Sriram talked about discussion 614 during the Akash Steering Committee meeting on June 27th, 2024.

The video can be found here, starting at the 24 minute mark: June 27th, 2024 Akash Network Steering Committee Monthly Meeting Video Recording

You can catch up on all past Akash Steering Committee meetings here.

0 replies

anilmurty · 2024-07-03T15:59:53Z

anilmurty
Jul 3, 2024
Maintainer

Thank you for writing this incredibly important proposal that adds a great amount of value to Akash Network by solving one of the harder challenges in growing the only fully permissionless network as well as enabling onchain incentives.

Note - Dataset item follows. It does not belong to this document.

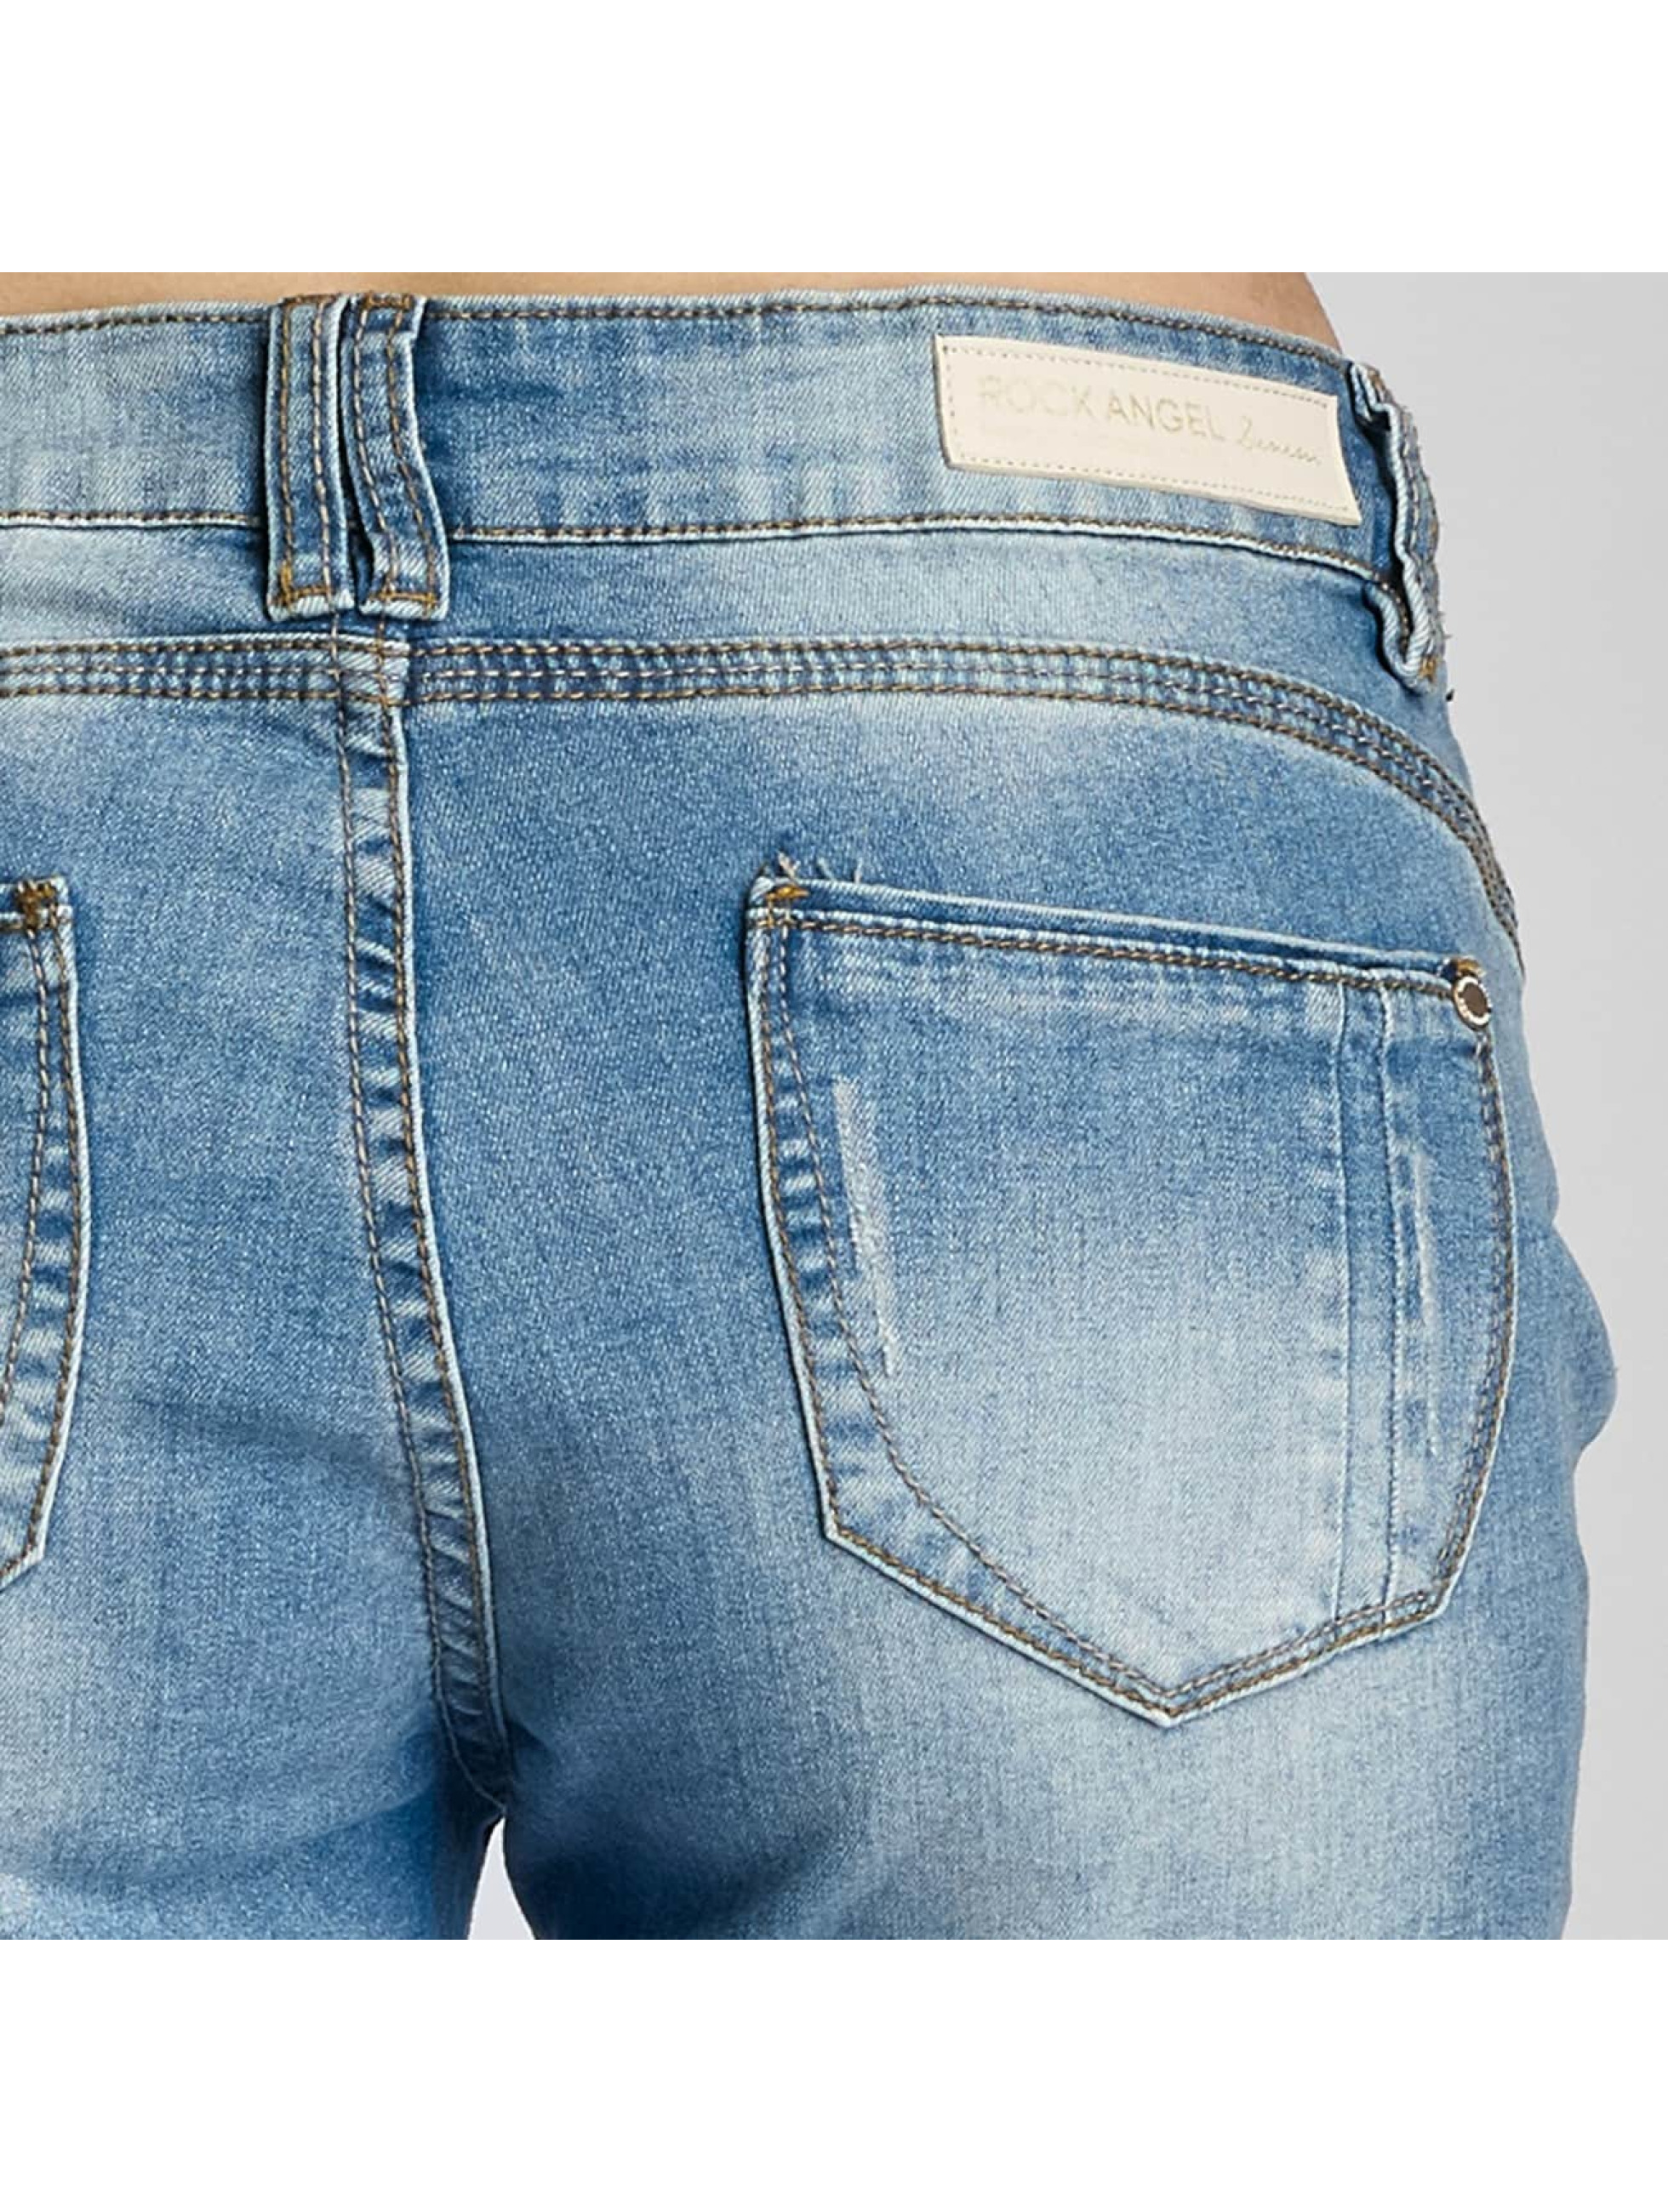 Rock Angel Pantalón cortos Charlotta azul

As @brewsterdrinkwater mentioned above - this was presented and discussed at the last Steering Comittee meeting with support from everyone there. As such, the core team (at OCL) will be working with @sriramvish to get this proposal Onchain for a formal vote, in the next day or two

0 replies

31trainman · 2024-07-04T15:05:01Z

31trainman
Jul 4, 2024

I'm working on something similar with Naoris protocol. I'd be very interested in talking with you on discord. My discord is 31trainman.

0 replies

instafinanzas · 2024-07-06T15:04:04Z

instafinanzas
Jul 6, 2024

Thanks for stepping in and sharing, I still need to catch up with the last steering committee call recording, however, this text proposal looks solid and the benefits this would bring to Akash network are clear: reducing abuse within the Akash network through verifiable provisioning of hardware

0 replies

88plug · 2024-07-08T17:20:12Z

88plug
Jul 8, 2024

I do not think this is the proper way to approach verifiable compute for the Akash network. There is a much simpler and economical solution which also has already been tested and produced very good results. There is an existing benchmarking API which simply needs funding for 24/7/365 operation that can easily check all providers on the network. Additionally I do not think there is any value in a 3rd party USB key that plugs into anything. If you run a provider and learn how Kubernetes works, this is not a reasonable solution at scale. Your plan also requires paying your tuition and hiring graduate students to "research" solutions, I do not think community funds should be used for this and instead should be used for builders who have working solutions (functional POC and beyond) and deep familiarity with the Akash network. Your budget does not make sense and is unreasonable.

$96,216 in Tuition and "Research Assistants"

Other - Tuition | Use "Other" General Cost in SmartForm. |   |   |   | 29,016

Graduate Research Assistant | Grad Student | 33,600
-- | -- | --
Graduate Research Assistant | Grad Student | 33,600

$52,907 "indirect costs" with no explanation.

Total Indirect Costs |   |   | 52,907
-- | -- | -- | --

$75k for Akash hardware - no explanation or rational behind this amount in your proposal.

Akash Computing/Hardware Costs |   | 75,000
-- | -- | --

Finally, please feel free to reach out to me to work on the Benchmarking API solutions that have already been developed.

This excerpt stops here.